About this exercise: Exactly and only the lines from the one with "fresh raw corn" through the end of the listing are to be transcribed, both ends included.

*** Collected data ***

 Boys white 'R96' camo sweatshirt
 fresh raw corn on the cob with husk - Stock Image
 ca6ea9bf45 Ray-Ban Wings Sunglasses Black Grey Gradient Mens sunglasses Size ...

*** End of Collected data ***

Result of this task:
 fresh raw corn on the cob with husk - Stock Image
 ca6ea9bf45 Ray-Ban Wings Sunglasses Black Grey Gradient Mens sunglasses Size ...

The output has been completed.